Our conversation prompted me to run my eye over financial affairs back in the UK. Whilst in the States, and seeing a large number of Occupy occupations first-hand (indeed, the Boston and DC protests were 'moved on' while I was in those actual cities...coincidence), I read around what the movement was about quite a lot. As far as I am concerned Occupy feels a little disparate - too many minor gripes being collated under the one banner such that little meaningful traction will result. To my mind, if Occupy is to succeed, it needs to focus its' aims, and more needs to be made of how Iceland coped with the financial crisis (remember where it all started?). The West is governed by politics whether you like it or not. Iceland has shown politics and, perhaps more importantly, 'politicians' can work for the greater good.
In UK politics, two stories piqued my interest this week: the welfare cap and executive pay.
The UK government has seen the opportunity to save £51m from the benefits budget over the three years to 2015, by placing a cap on the maximum amount a household can claim annually in benefits. It is a move supported by opposition politicians. However, the Lords has rejected the bill on the grounds that it includes child benefit, and will affect 220,000 children regardless of situation. 67,000 households will be worse off as a result of the measures, only 40,000 without the inclusion of child benefits. The Government is determined that the bill goes through in full, and looks to be digging its' heals in on the issue.
In the same Commons session, the government announced its plans regarding executive pay.

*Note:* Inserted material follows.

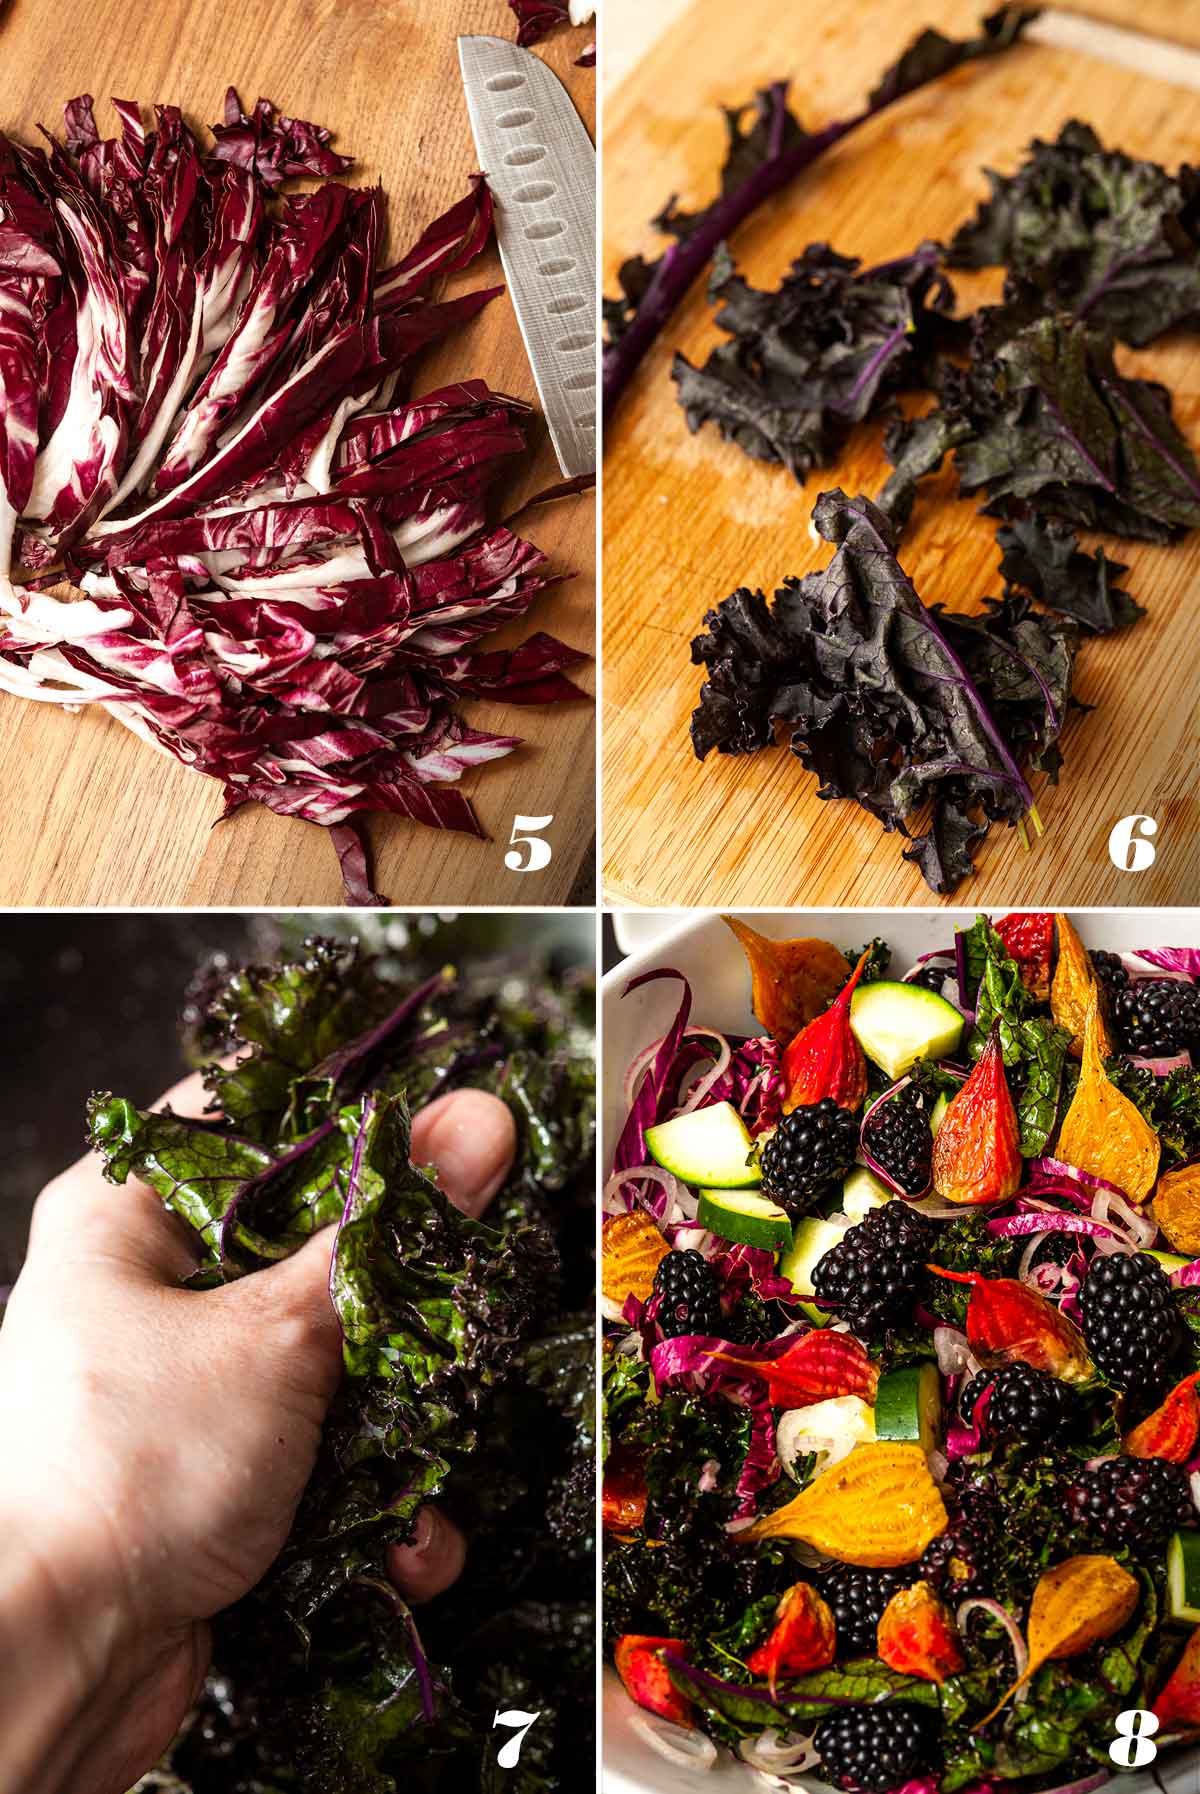 A collage of 4 numbered images showing how to create Halloween salad.

There is no doubting this is a contentious issue. The banking sector has, justifiably, come under immense scrutiny for its' outlandish rewards in the aftermath of global financial meltdown. Even this week, the chief exec of RBS stands to receive a bonus of £1.3m. £1.3m of taxpayers money. And that's on top of a salary of over £1m. Here, then, it seems, was an opportunity for the government to make a real statement. More than happy to point out the shortcomings of the previous government (chief exec pay was 40 times that of their employees when Labour came to power in 1997, rising to 120 times by 2007), might they even seek to cap salaries to a maximum, mirroring the minimum wage?
The answer is, sadly, no. All they could come up with was the need for "more transparency" and adoption of "best practice". In layman's terms, what they have done is nothing. Apart from guarantee the pockets of the wealthiest remain cosily lined for the foreseeable future whilst the disparity between the wealthiest and middle classes widens (certain chief execs now earn 1000 times the national median wage - British Gas, Barclays), not to mention those larger families living on the benefits breadline who will see their income slashed from 2013. In 1979, the top 0.1% of earners took home 1.3% of the national income. By 2007 this had risen to 6.5%. Certain individuals will tell you this increase is justified because the execs at the top are the 'risk-takers', the ones whose decisions ultimately determine the fate of a company. The truth is that an exec is 13 times less likely to be sacked than the lowest paid worker. Thirteen times. Hardly seems the position of a risk-taker to me.
"Best practice" is a term I am acutely familiar with, because it has defined my professional life for the past few years. The sad thing is, in reality "best practice" is virtually impossible to achieve. People will say they aspire to follow "best practice" processes but, when push really comes to shove, the comfort of existing procedures, the cosiness of familiarity, will result in little or no change. It takes a very strong personality at the head of an organisation, a project, a company, a country, to genuinely implement anything approaching "best practice". The UK government has just shown it is not up to the task.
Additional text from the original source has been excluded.